This may be used to plot, or save plots of, samples in an object of
class pmc. Plots include a trace plot and density plot for
parameters, a density plot for deviance and monitored variables, and
convergence plots.
# S3 method for pmc
plot(x, BurnIn=0, Data, PDF=FALSE, Parms, …)This required argument is an object of class pmc.
This argument requires zero or a positive integer that indicates the number of iterations to discard as burn-in for the purposes of plotting.
This required argument must receive the list of data that
was supplied to PMC to create the object of class
pmc.
This logical argument indicates whether or not the user wants Laplace's Demon to save the plots as a .pdf file.

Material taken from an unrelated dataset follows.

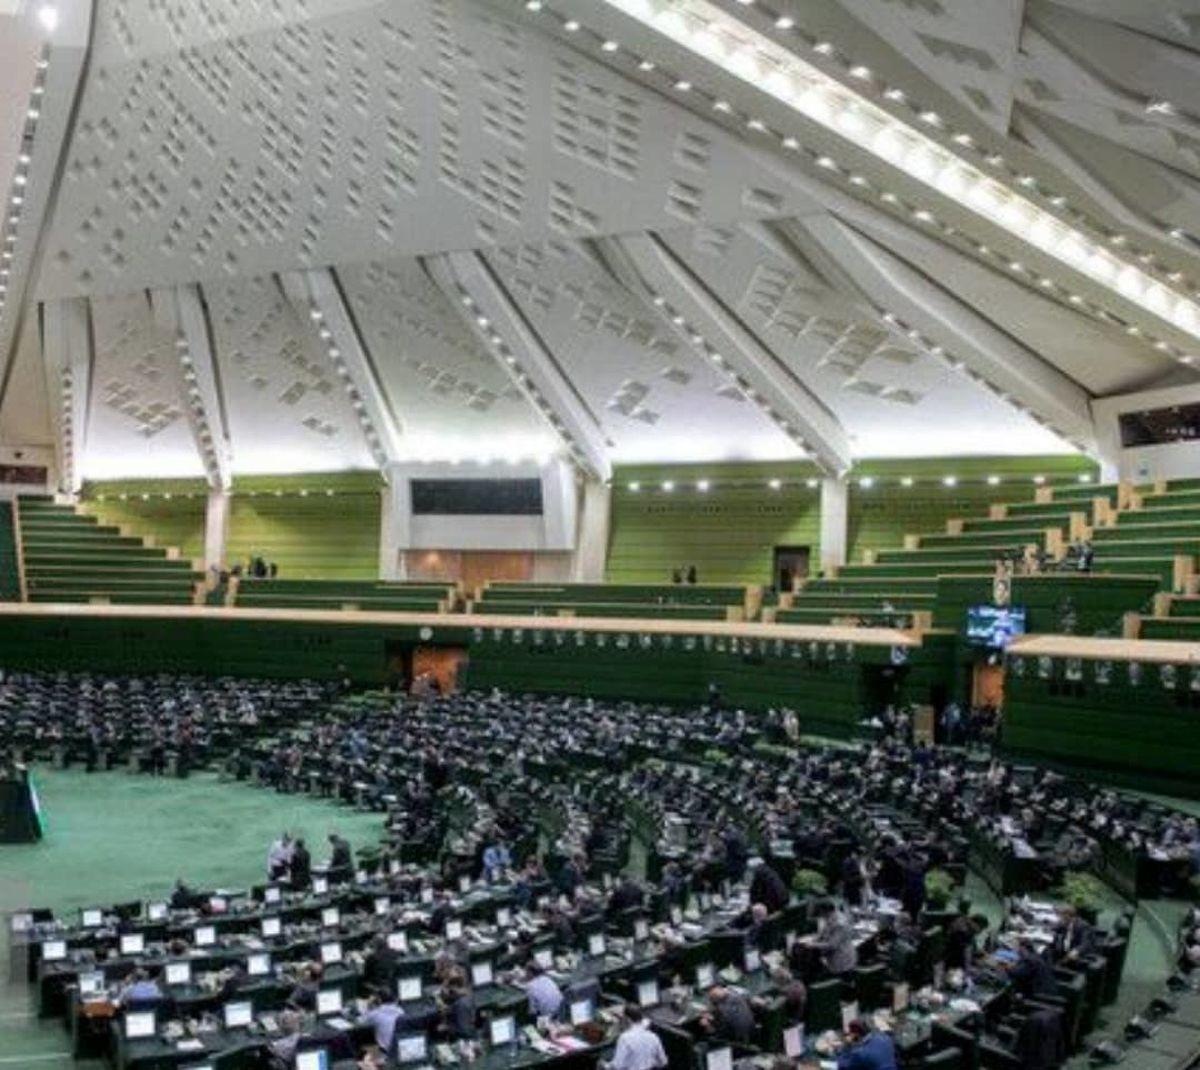 پایگاههای بسیج و موزههای دفاع مقدس از پرداخت حق انشعاب و عوارض شهرداری معاف شدند

This argument accepts a vector of quoted strings to be
matched for selecting parameters for plotting. This argument
defaults to NULL and selects every parameter for
plotting. Each quoted string is matched to one or more parameter
names with the grep function. For example, if the user
specifies Parms=c("eta", "tau"), and if the parameter names
are beta[1], beta[2], eta[1], eta[2], and tau, then all parameters
will be selected, because the string eta is within
beta. Since grep is used, string matching uses
regular expressions, so beware of meta-characters, though these are
acceptable: ".", "[", and "]".
Additional arguments are unused.
The plots are arranged in a \(2 \times 2\) matrix. Each row represents a parameter, the deviance, or a monitored variable. For parameters, the left column displays trace plots and the right column displays kernel density plots.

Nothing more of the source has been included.